Purpose: Endoglin (CD105) is a membranous protein overexpressed in tumor-associated endothelial cells, chemoresistant populations of ovarian cancer cells, and potentially stem cells. Our objective was to evaluate the effects and mechanisms of targeting endoglin in ovarian cancer.
Experimental design: Global and membranous endoglin expression was evaluated in multiple ovarian cancer lines. In vitro, the effects of siRNA-mediated endoglin knockdown with and without chemotherapy were evaluated by MTT assay, cell-cycle analysis, alkaline comet assay, γ-H2AX foci formation, and quantitative PCR. In an orthotopic mouse model, endoglin was targeted with chitosan-encapsulated siRNA with and without carboplatin.

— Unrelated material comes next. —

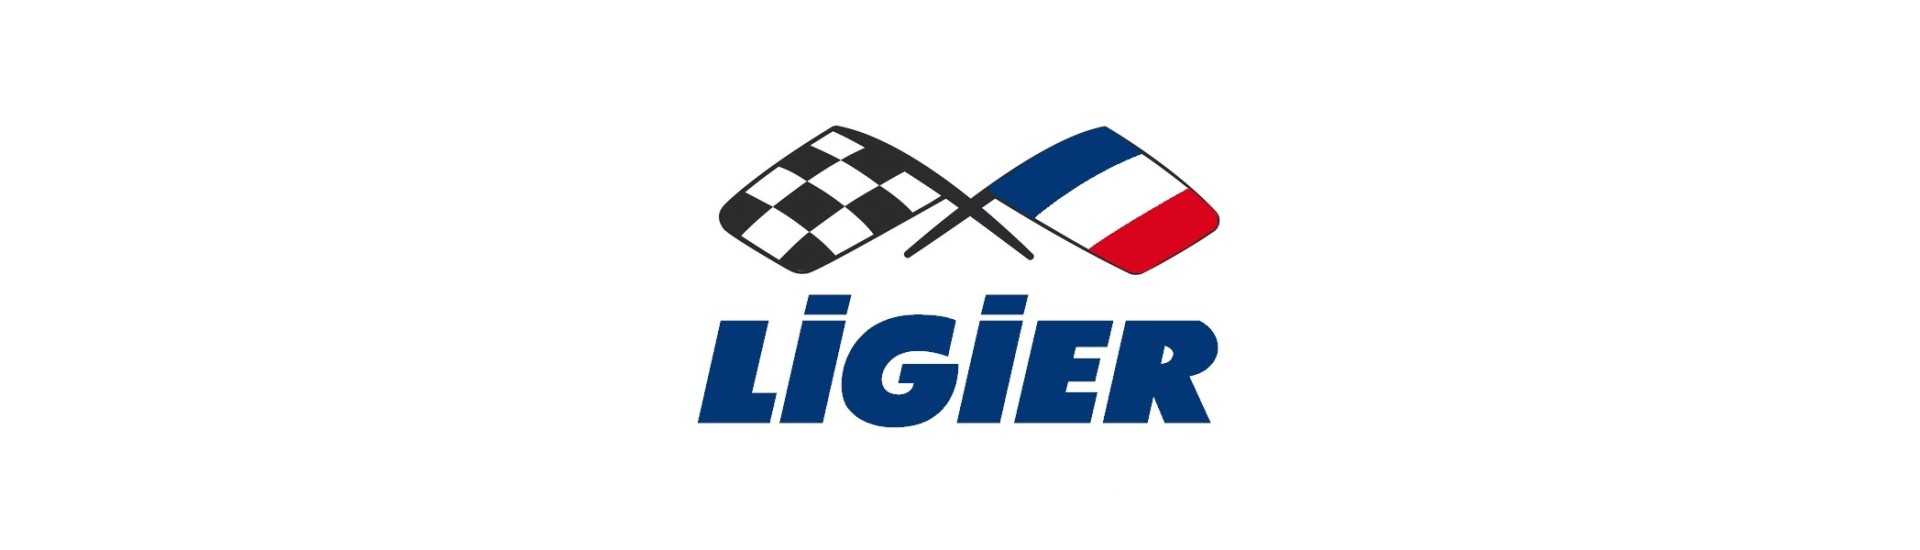 Vidro custódio ao melhor preço do carro sem uma permissão Ligier
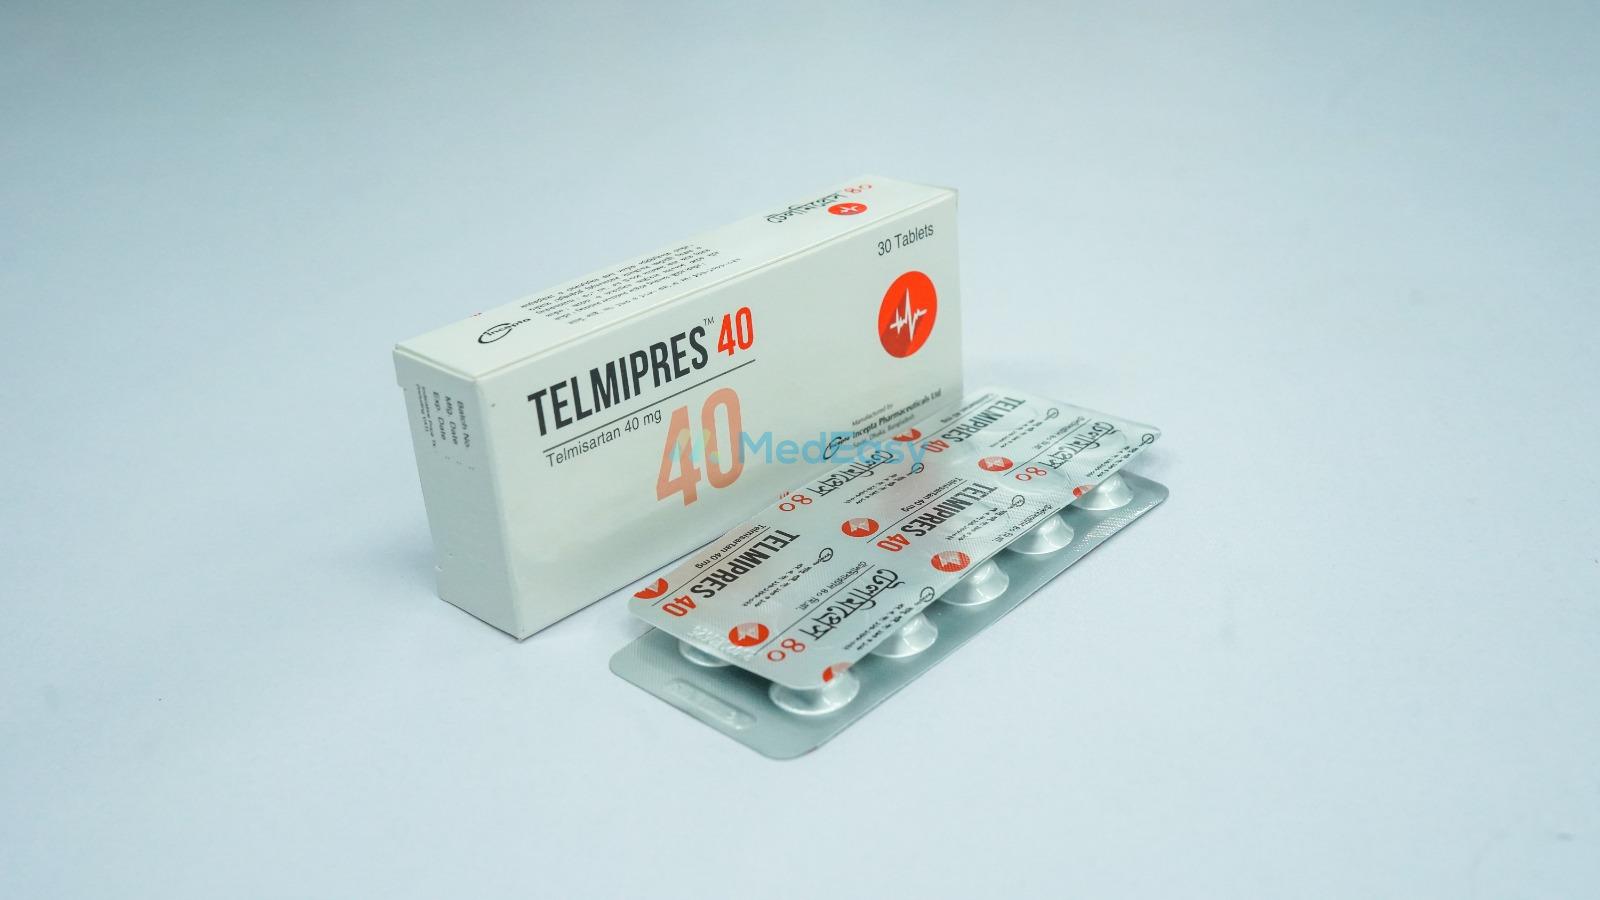 Telmipres

Results: Endoglin expression was surprisingly predominantly cytoplasmic, with a small population of surface-positive cells. Endoglin inhibition decreased cell viability, increased apoptosis, induced double-stranded DNA damage, and increased cisplatin sensitivity. Targeting endoglin downregulates expression of numerous DNA repair genes, including BARD1, H2AFX, NBN, NTHL1, and SIRT1. BARD1 was also associated with platinum resistance, and was induced by platinum exposure. In vivo, antiendoglin treatment decreased tumor weight in both ES2 and HeyA8MDR models when compared with control (35%-41% reduction, P < 0.05). Endoglin inhibition with carboplatin was associated with even greater inhibitory effect when compared with control (58%-62% reduction, P < 0.001).
Conclusions: Endoglin downregulation promotes apoptosis, induces significant DNA damage through modulation of numerous DNA repair genes, and improves platinum sensitivity both in vivo and in vitro. Antiendoglin therapy would allow dual treatment of both tumor angiogenesis and a subset of aggressive tumor cells expressing endoglin and is being actively pursued as therapy in ovarian cancer.